Anita: “E che fai Gianmarco là…”.
Gianmarco: “Io … e poi si vede quello che faccio, Anita …”.
Anita: “Eh… Gianmarco e che fai perdi questo lavoro qua per andartene là…”.
Gianmarco: “Ed io poi vado sempre a lavorare…?”
Anita: “Embè che vuoi fare…?”.
Gianmarco: “Sempre quello che ho in testa Anita… tu lo sai bene (…)”.
Anita: “Eh Gianmarco e perché tu vuoi fare sempre… perché tu vuoi fare sempre questa vita qua…? Fammi capire (…) ho parlato con tua mamma, ho parlato con tuo padre, ho parlato con…, ho parlato con tutti quanti, tutti quanti… perché devi fare per forza quella vita, allora è come dico io…”.
Gianmarco: “Ma per forza, ma è una cosa obbligatoria…”.
Anita, per convincere Gianmarco ha parlato con la sua famiglia e i suoi migliori amici, ha cercato di mostrare a tutti che Gianmarco è diverso dagli altri ragazzi di paranza. Anita vuole far capire a lui e a chi gli vuole bene che non è scritto che il suo destino sia per forza quello di camorrista. Ma per Gianmarco, invece, è obbligatorio, di fronte alla possibilità di guadagnare di più, lavorare nel narcotraffico e per i Mazzarella. E così risponde alla richiesta di Anita di emigrare e cercare un’altra vita:
Anita: “Andiamo per altre parti, e non ti preoccupare”.
Gianmarco: “Eh, non ti preoccupare, con 100-150 euro alla settimana voglio vedere come facciamo… Anita ma per piacere, ma stai un poco zitta, sì…”.
Gianmarco rimane a Napoli, quindi. L’unica precauzione che prende è quella di andare a vivere a casa dei suoceri a Ponticelli, territorio controllato dai Mazzarella. Ma la paranza ci mette poco a scoprire dove si trova. Il 1° marzo 2015 Gianmarco non ce la fa più a stare chiuso in casa. Ha 21 anni e nemmeno la paura lo fa rinunciare a vedere la partita della sua squadra. Quella sera si gioca Torino-Napoli. Gianmarco va a vederla in un circolo ricreativo di Ponticelli. Intorno alle 21.30 due killer arrivano e gli sparano addosso. Muore poche ore dopo in ospedale.
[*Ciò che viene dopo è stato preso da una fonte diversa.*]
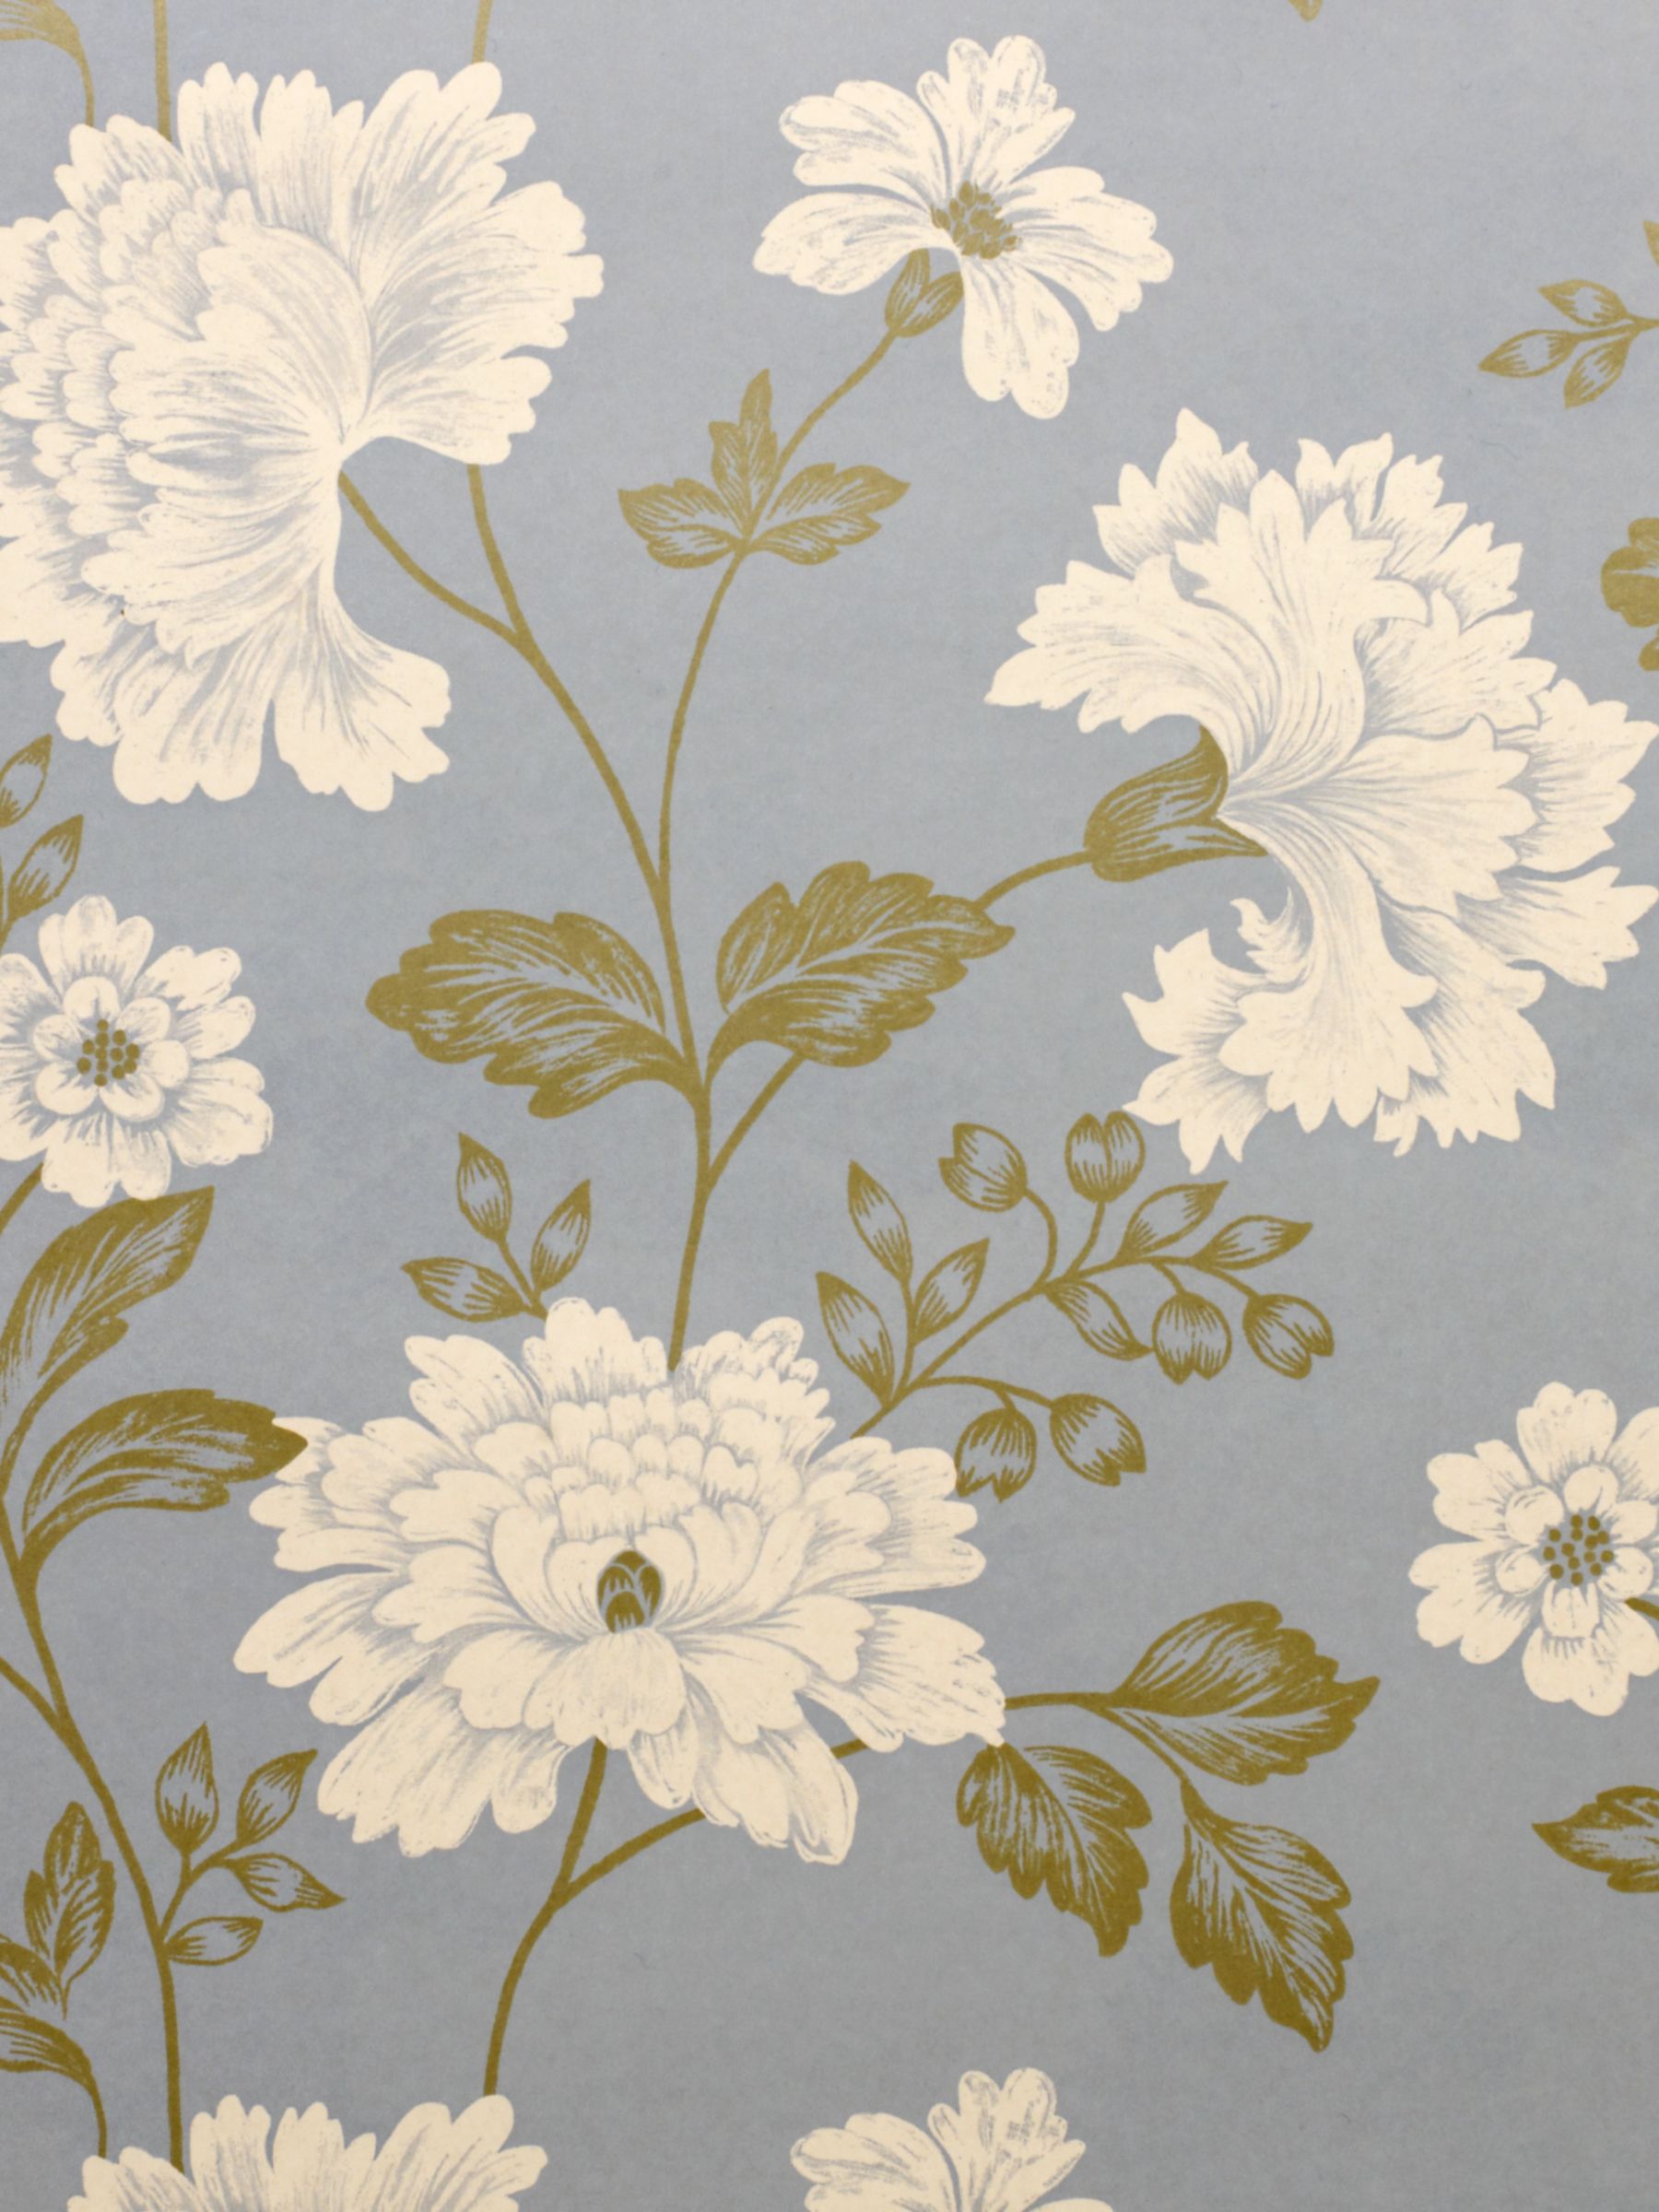 Fantastis 16+ Flower Wallpaper John Lewis - Gambar Bunga Indah

Questa storia ha un sapore amaro, perché vede una famiglia sperare che i propri figli vadano in carcere come unica salvezza da morte certa. E il lavoro per pochi spiccioli, senza diritti e soprattutto senza possibilità di crescita viene visto come una condanna assai peggiore di quella di morire o essere arrestati.
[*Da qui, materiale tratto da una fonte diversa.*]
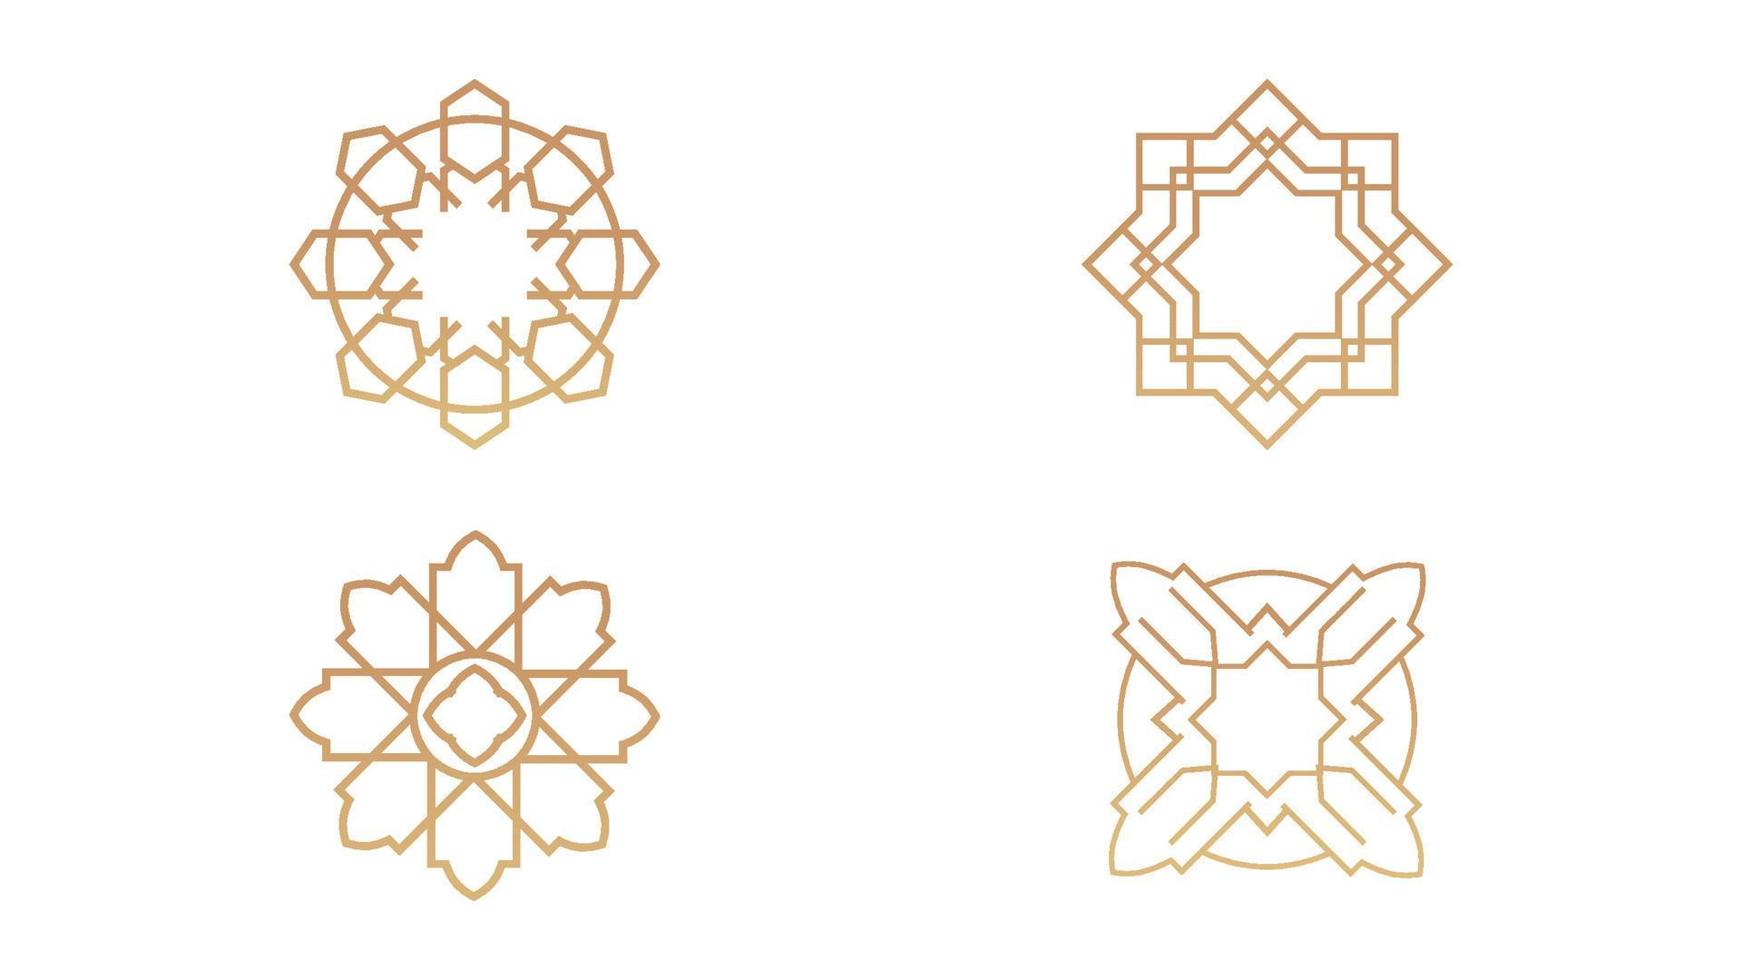 fyra islamic former ornament isolerat på vit bakgrund. vektor

Il padre dei Lambiase in un’intercettazione, parlando dei figli, dice: “Gianmarco è un uomo perso (…) Valerio però rimane là uno lo va a trovare, lo vede, hai capito… Ma quello vuole fare proprio quello, fare quello che lo vuole fare hai capito? Non capisce che io domani sono più forte di te, domani mi sveglio io quello è più forte di te non capisce mo’ sta proprio rischiando la vita di quello che sta in mezzo alla via sta monnezza…”.
Era consapevole che il destino di Gianmarco fosse segnato e che il carcere fosse la protezione di Valerio. Una volta uscito dal carcere quest’ultimo, infatti, è tornato per strada. Questa è una storia svelata dalle indagini dei pm Woodcock e De Falco e dalla squadra mobile di Napoli comandata da Fausto Lamparelli (che avevano già indagato l’ascesa e la caduta della paranza dei bambini). Ora queste indagini che raccontano di Valerio con una mazza da baseball, a riprendersi il territorio dalle mani degli assassini di suo fratello, pronto a spaccare teste e gambe e a costringere i disperati venditori ambulanti africani a tornare a pagare il pizzo al suo clan.